Another way to think about orbiting is as follows:

Imagine the Moon going merrily along in a straight line past the Earth.

It will start to fall towards the Earth.

But the Earth is not a huge flat plate (despite what the flat-earthers think) the surface actually curves away (it is spherical).

This curvature is just enough that the path of the moon as it falls means it stays the exact same height above the surface.
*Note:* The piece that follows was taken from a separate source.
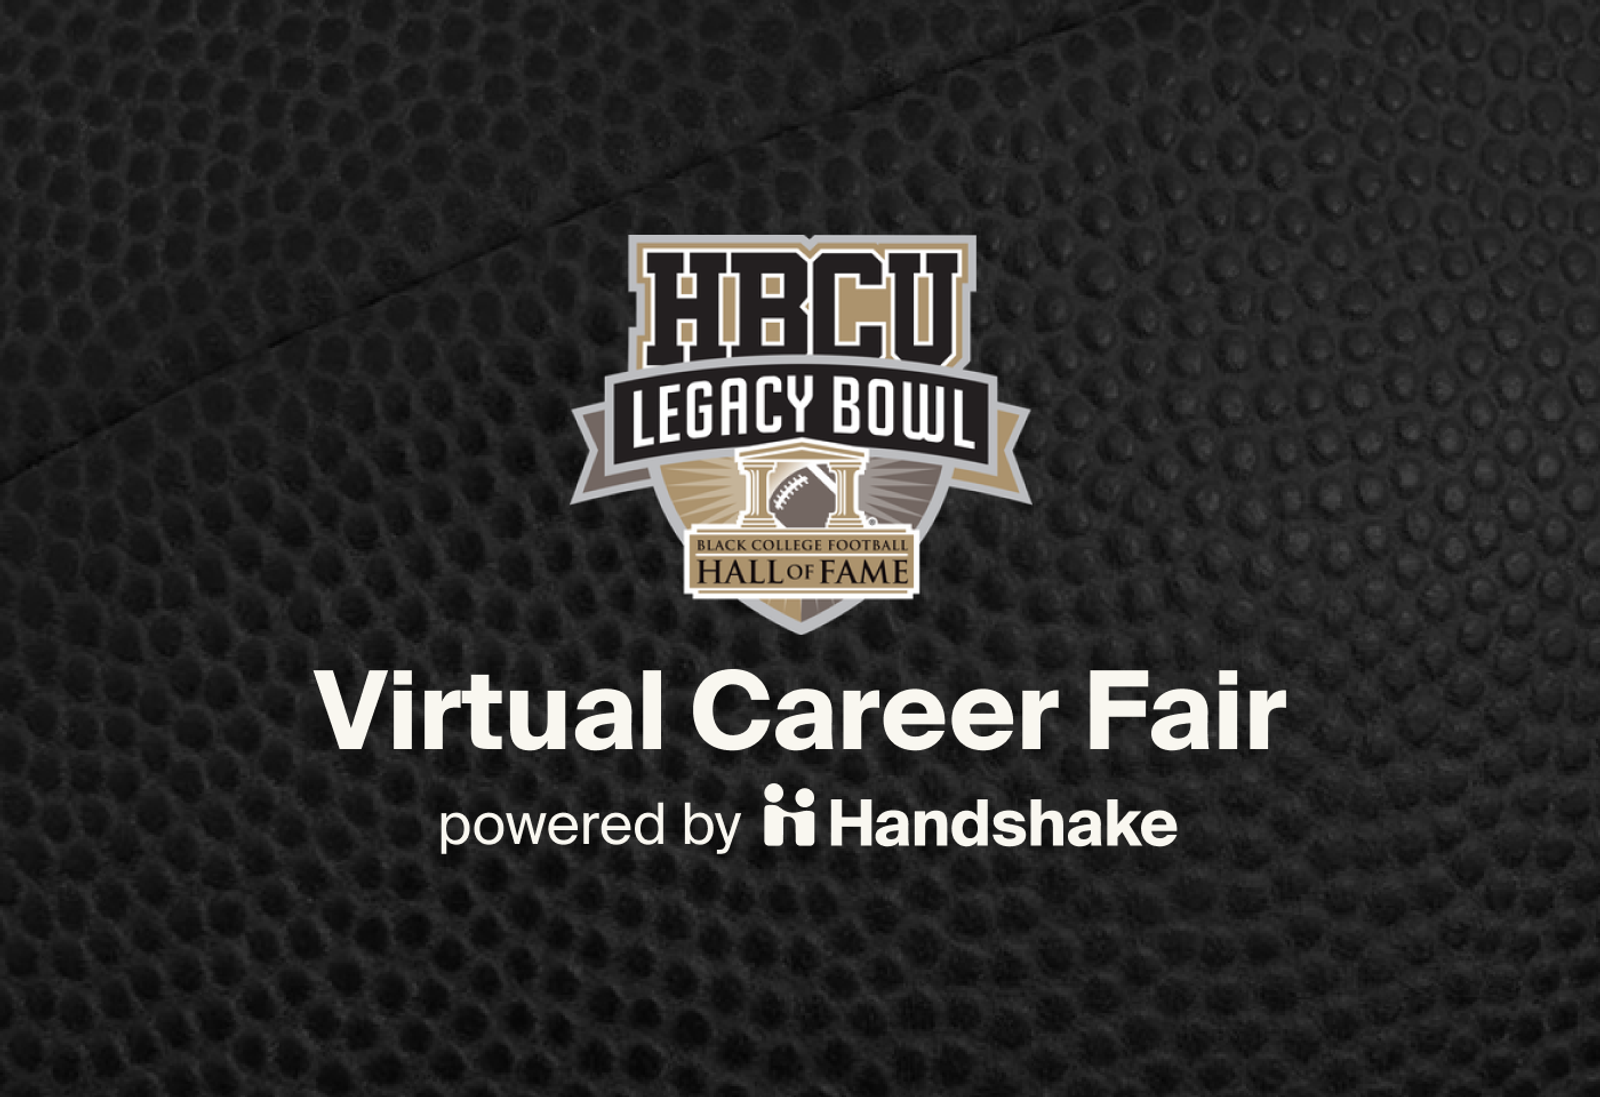 HBCU Legacy Bowl Virtual Career Fair Handshake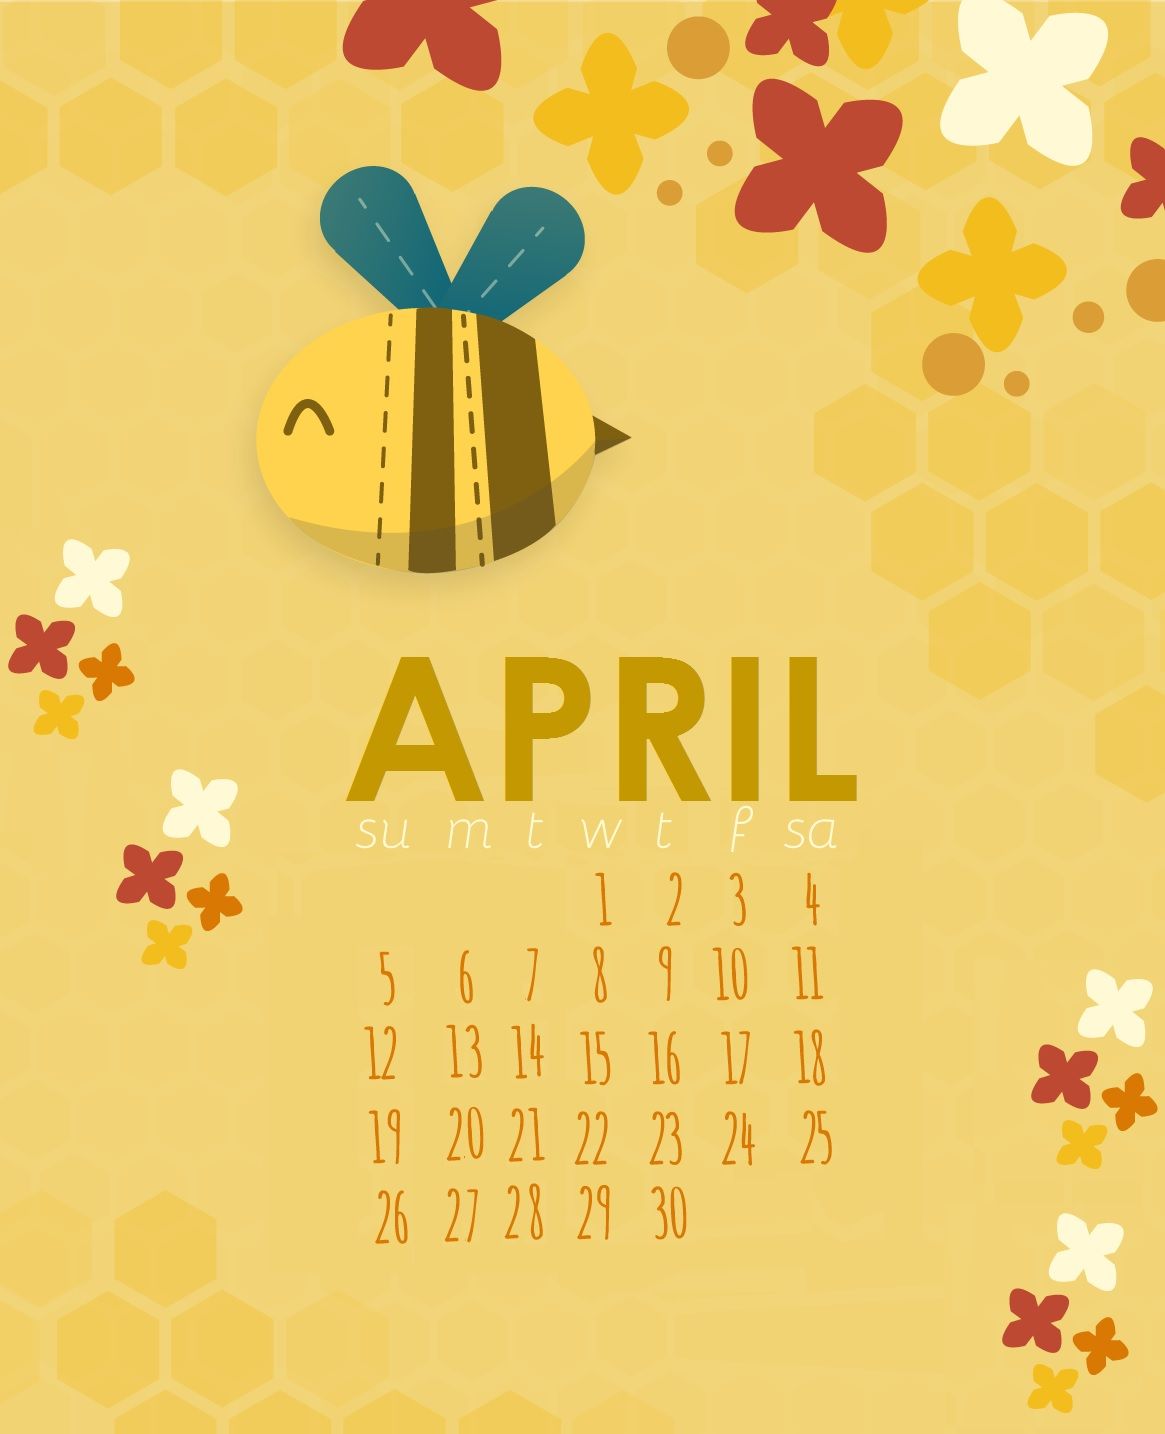 April 2018 Bird Calendar Wallpaper  Sarah Hearts

So it is constantly falling but the surface of the earth is also 'falling away' so the height remains the same thus the moon stays in orbit.

 

This might be easier to think about if you imagine firing a bullet horizontally across the ocean. If the speed of the bullet is insufficient it will eventually fall into the ocean. If the speed of the bullet is very high it will shoot off into space. But if the speed of the bullet is just right then the curve that it follows as it falls towards the surface of the ocean is exactly the same as that of the surface of the ocean on our curved planet. Thus it will stay the same height above the ocean (ignoring air resistance).

 

This high speed example is easier to visualise than the sedate progress of the moon. The further out you are the slower you need to travel.

 

This explains why the moon is slowly drifting out (contrary to an earlier post) the effect it has on our oceans is slowly sapping energy from the orbit of the moon. Thus it orbits slightly more slowly and thus it orbits slightly further out.

 

So there is no actual outward force 'generated' by the moon or acting on the moon to counter the pull of the Earth. In fact the moon is blissfully coasting along in what it thinks is free-fall.

 

Hope this helps.

  • 5 months later...
Posted
okay my father and i were disscucing gravity and we really couldn't come to a consenus as to wheter or not there's an equal and oppsite side to gravity, for example consider the moon in orbit around the earth, gravity pulls inward on the moon but does the moon have a pull outward in resistence to that force? i hypothised that no, there is no out ward pull, otherwise the moon would rapidly orbit at a futher and futher distance. my father was on the side of yes, as every force has an oppisite effect, for example with a rock swung on a string, there is an outward pull.

 

Yes it is called Centrifugal force. (Newton's law)

Posted
okay my father and i were disscucing gravity and we really couldn't come to a consenus as to wheter or not there's an equal and oppsite side to gravity, for example consider the moon in orbit around the earth, gravity pulls inward on the moon but does the moon have a pull outward in resistence to that force? i hypothised that no, there is no out ward pull, otherwise the moon would rapidly orbit at a futher and futher distance. my father was on the side of yes, as every force has an oppisite effect, for example with a rock swung on a string, there is an outward pull.

 

"Modest" is correct he knows his stuff.

Posted

I think gravity might have something to do with matter trying to remain in a homogenous realm of time. Particles fall in an effort to maintain spacial symmetry? One side of a particle's matter wave gets stretched while the other compresses, to sort of close the gap on the differences in time? The net effect is movement, falling. I think there is a kind of duality of the forces; the particle becomes gravitationally polarized, two regions, the faster and slower regions of time flow. What influences time to be slower or faster in a region of space I'm not exactly sure, perhaps just the energy density contained within an area. The more packed into an area perhaps the longer it takes for the universe to sort it out, so it appears like time is proceeding slower there. More stuff makes the time flow like molasses. Inertia is like a resistance to the future. Maybe that's where gravitons come into play, or energions or something. I have a hard time believing dimesional space itself can be warped. Or expanded. Or that space and time are intertwined as part of the same dimension matrix stuff, they seem like apples and oranges to me. Seconds and meters. Moment and place. It's hard to believe if you were to rotate 4th dimensionaly, that from your point of view, some of the seconds would become meters & vice versa. Is the past still there like a physical place you could go back and visit? Or is the past more like musical chairs, a constantly changing temporary state? I still would like to be a vacation time traveler. Sorry for going off on a tanget there. It's geting late. Anyway, that's my take on it..

Posted

I am afraid that the formula of F1 = F2 (by Modest) is not the same thing as what Newton described in his third law: action and reaction, which are local. Think about it.